Implications for email administrators
Short-term recommendations:
- Deploy RSA-2048 for maximum compatibility
- Audit your current DKIM keys—if any are below 1024 bits, rotate immediately and make sure you’re signing with at least 1024 bits, preferably 2048.
- Monitor Authentication-Results headers to identify providers treating weak keys as valid
- For the email geeks: consider dual-signing (RSA + Ed25519) if your mail infrastructure supports it, though this adds complexity and is mostly a novelty right now.
Long-term outlook:
- Ed25519 adoption is growing but remains incomplete among tier-1 providers
- DMARC failure rates may increase if Ed25519 is deployed without careful provider analysis
- The six providers accepting weak keys represent an exploitable vulnerability in the email ecosystem
For providers:
- Rejecting weak keys should be universal—512-bit and 768-bit RSA keys are cryptographically broken
- Ed25519 support should be prioritized given its standardization in RFC 8463 (published September 2018)

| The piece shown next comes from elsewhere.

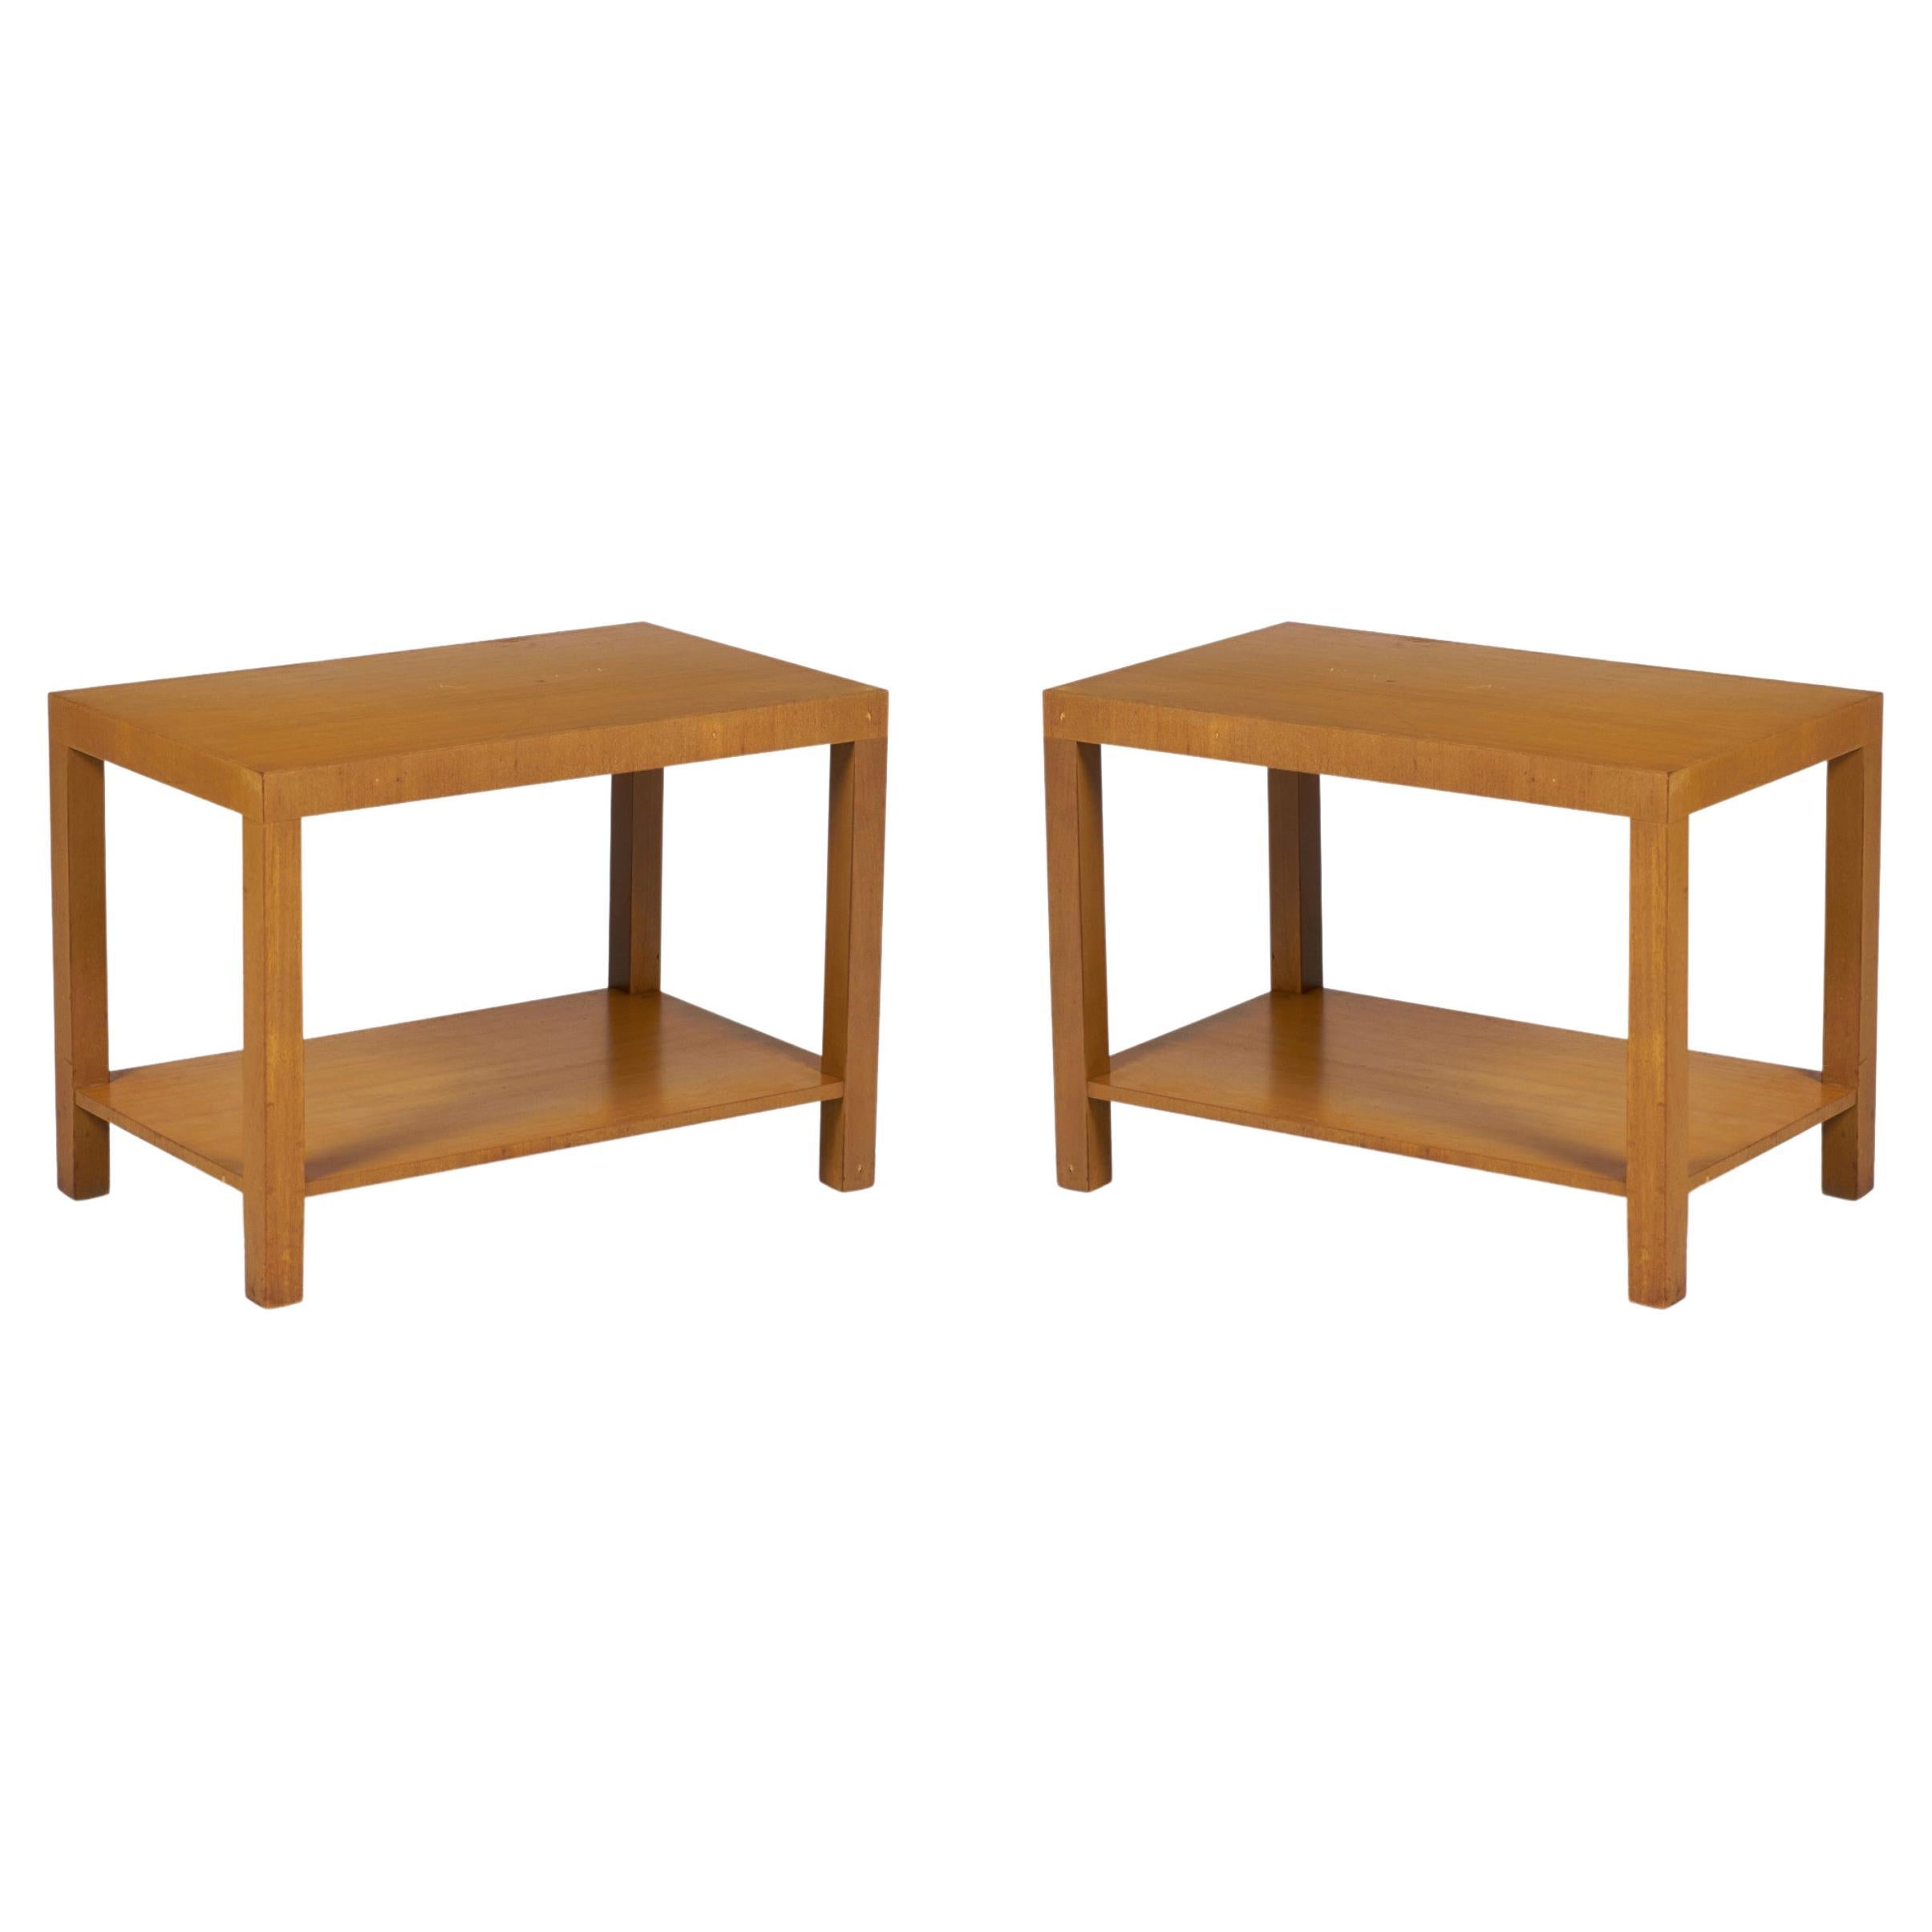 Pair of Widdicomb Modern American Mid-Century Parsons Style Wooden End Tables For Sale

- Clear error messaging (like Gmail’s weak key policy flag) helps administrators identify and fix issues
Email providers remain split, the path forward needs coordination
The email authentication landscape shows a troubling split. While nearly half of tested providers support modern Ed25519 signatures, the three largest providers—Gmail, Microsoft 365, and Yahoo—do not, making broad Ed25519 deployment premature for most organizations. Simultaneously, six providers continue accepting cryptographically weak keys that should have been rejected years ago, creating an exploitable gap in email security.
Email administrators face a waiting game: Ed25519 offers real security and performance benefits, but deploying it today means accepting authentication failures at major providers. Until Gmail, Microsoft, and Yahoo implement RFC 8463, RSA-2048 or RSA-4096 remains the only viable choice for universal compatibility. The priority should be eliminating weak keys from the ecosystem—any domain still using sub-1024-bit DKIM keys is vulnerable to signature forgery and should rotate immediately.
The path forward requires coordinated action: providers must implement Ed25519 support and enforce minimum key lengths, while senders must audit their DKIM configurations and eliminate weak keys. Until broad Ed25519 adoption, the promise of modern email cryptography remains partially unfulfilled. Beyond that, the eventual need for post-quantum signature algorithms looms—though the timeline and standards remain uncertain, both RSA and Ed25519 will eventually be vulnerable to quantum attacks.